South Korea called for the identification of the alleged South Korean spy that Pyongyang claimed to have detained last November, though the regime refused that demand.

Following the press conference, the South Korean government officially confirmed Kim’s identity and called his detention “an anti-humanitarian act.”

“We think it is regrettable for North Korea to unilaterally detain one of our citizens without any prior explanation,” Kim Eui-do, the spokesman of South Korea’s Ministry of Unification, said at a briefing yesterday. “Our government strongly calls for the immediate release of our citizen and his repatriation to our side.”
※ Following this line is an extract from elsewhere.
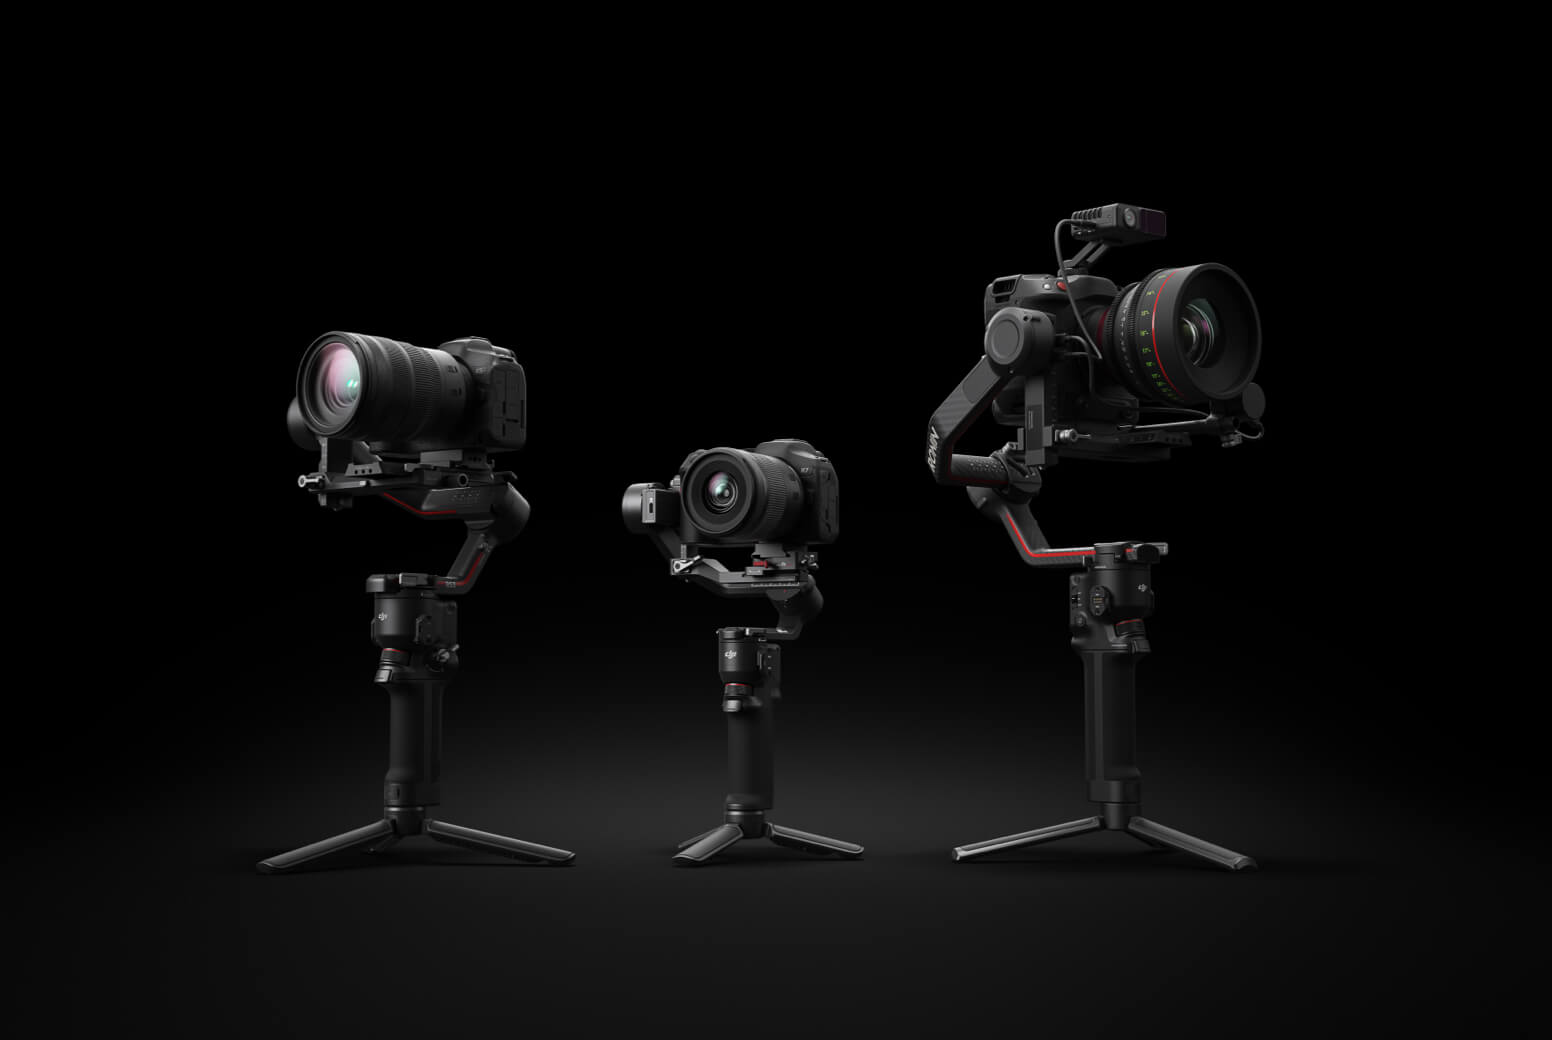 Need a Camera Stabilizer? Explore the Ronin Line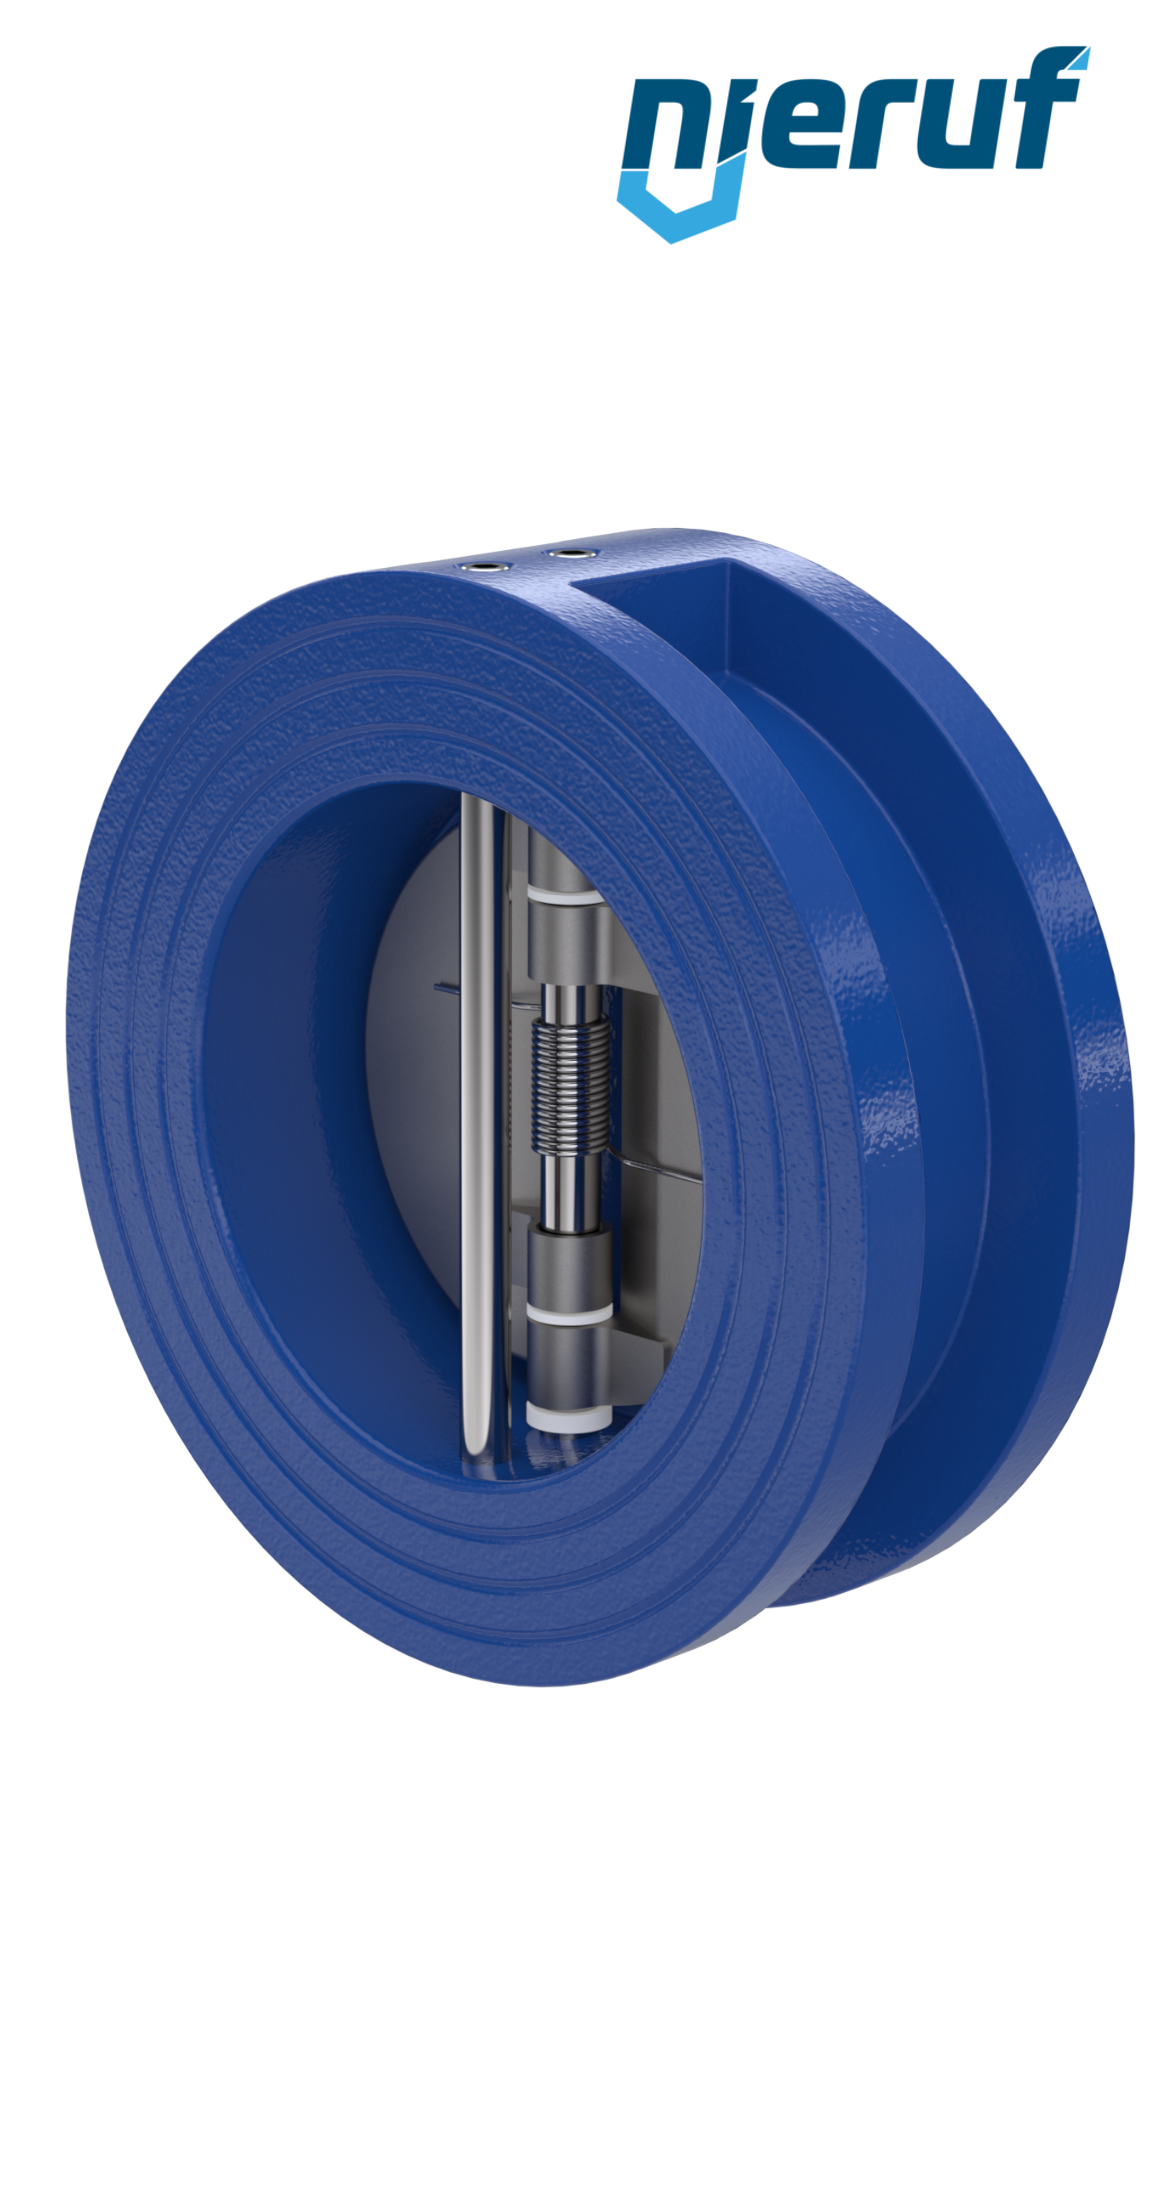 dual plate check valve DN65 DR02 GGG40 epoxyd plated blue 180µm EPDM

The news of the South Korean detainee came in the midst of rising expectations that inter-Korean relations, strained for years, could be thawing, especially after reunions were held last week for families from both sides separated during the 1950-53 Korean War.

Amid a conciliatory mood, South Korea has proposed offering medicine and vaccines to North Korea, which is currently plagued by foot-and-mouth disease, a highly contagious virus that can kill livestock.

South Korea also called for low-level government talks after the reunions to discuss the assistance.

“For the release of the missionary, a negotiation with Pyongyang would likely be held,” Kim Yong-hyun, a North Korean studies professor at Dongguk University, told the Korea JoongAng Daily.

“In that case, North Korea could try to use the case as a bargaining chip to earn something they want, such as the resumption of the Mount Kumgang tours or the food and assistance from South Korea.”